Tinseltown's Honorary Mayor Johnny Grant Passes at 85

johnnygranthollywood.jpgJohnny Grant, Tinseltown's Honorary Mayor for many years, was one of the most prevailing connections between Hollywood's past and the present. Grant, who for years was the Executive Producer and powerhouse of the Hollywood Christmas Parade, announced, three years ago in an interview with me, that after 26 years, that would be his last year to steer the annual parade preparations. His years working on the parade spanned the terms of 11 U.S. presidents including Dwight Eisenhower, Ronald Reagan, Lyndon Johnson, Richard Nixon and Gerald Ford.

At 82, Grant had every right to think about retirement, even though he was also in charge of Hollywood's Walk of Fame, and that was a job he didn't plan to give up. "No, my title the Honorary Mayor of Hollywood is mine for life," said Grant in our interview back then. "And I'll continue to serve as Chairman of the Walk of Fame Selection Committee and the Hollywood Historic Trust, although at 82 when you've done 500 ceremonies, half of each one down on your knees, your knees are in bad shape."

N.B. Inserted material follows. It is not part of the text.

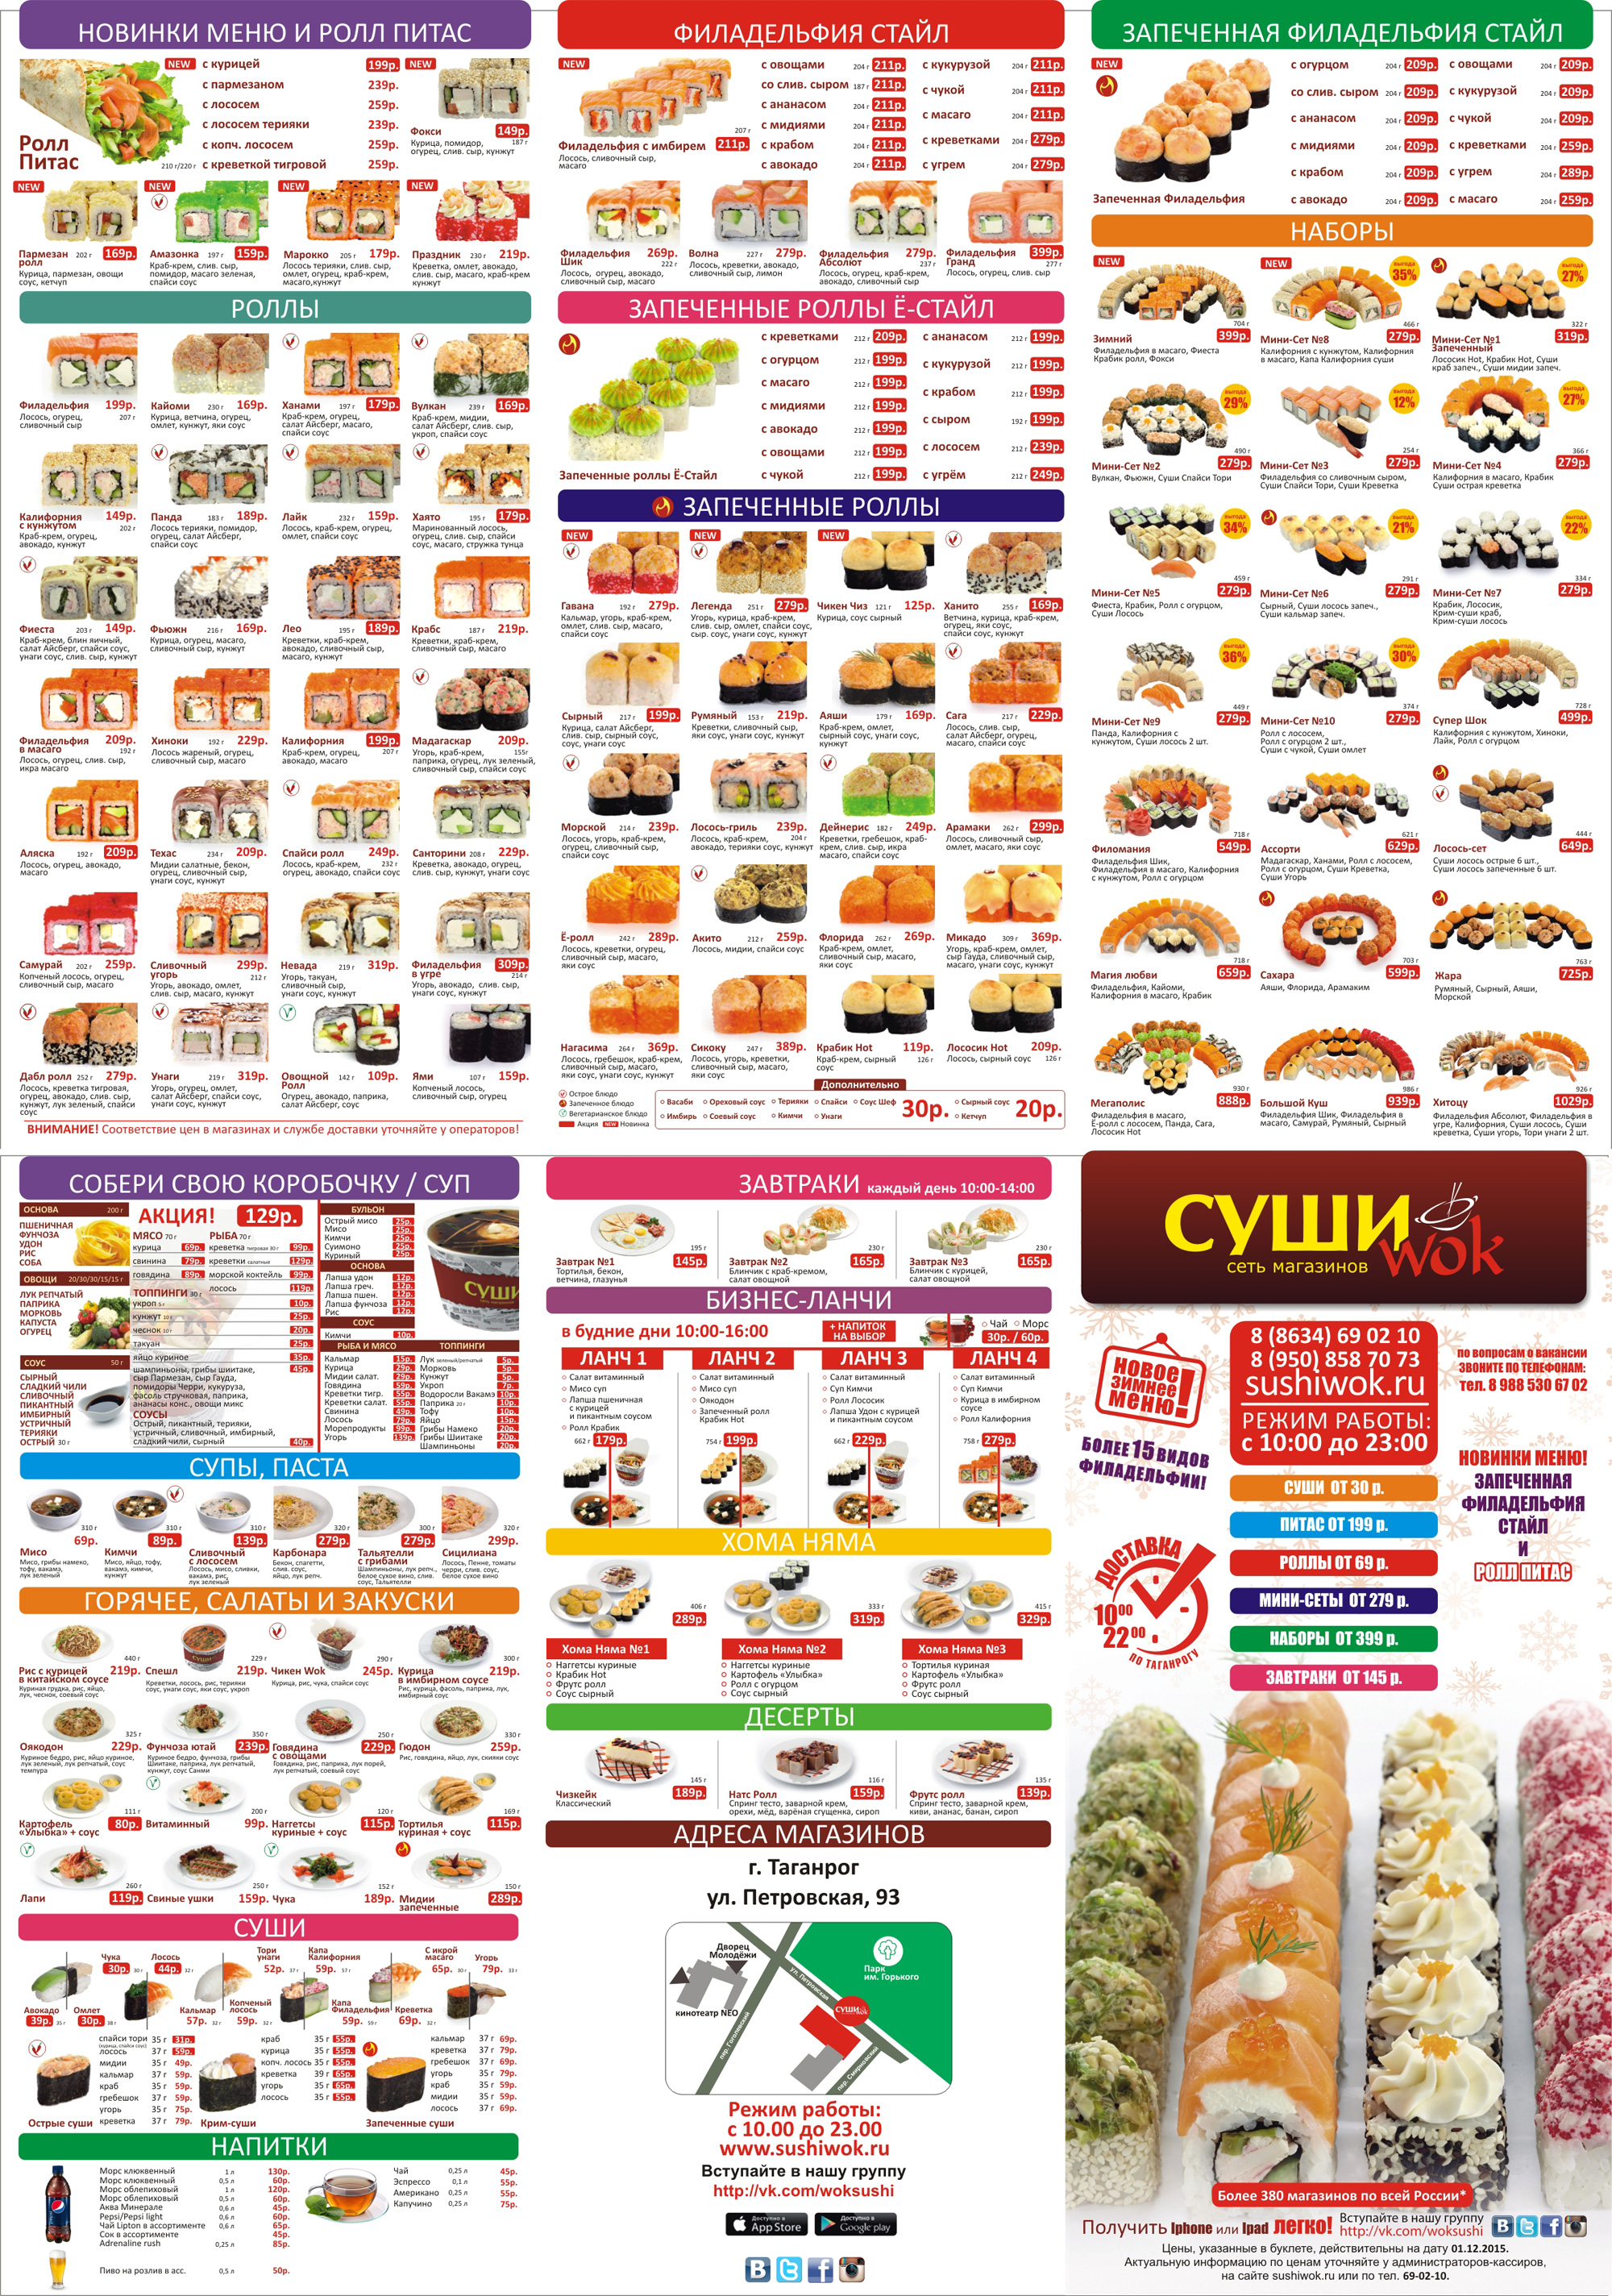 Суши вок санкт петербург меню наборы цены (120) фото

Grant was born May 1923 in Goldboro, North Carolina, and admitted he had stars in his eyes from day one. "I wanted to be a circus clown, or anything that was happening in my home town. When a flying circus pilot came though, I wanted to be one. We had a circus clown that lived in our hometown, and I got to known him well. When I worked at my cousin's sandwich shop, the clown showed me how to do makeup which I used in my first real enterprise to walk down the street dressed as a clown with an A board strapped over my shoulder. I had a little duck on a lease that walked ahead of me."

Grant transitioned in radio and TV, making his show business debut on the radio in 1939, as a local newscaster for his hometown radio station, WGBR, Goldsboro, N.C. He became the host of the game show "Stop the Clock," in 1946. He had a long and involved career in Hollywood and made a significant impact on Hollywood's early history both with this media duties and his voluntary achievements (see list of is accomplishments below.)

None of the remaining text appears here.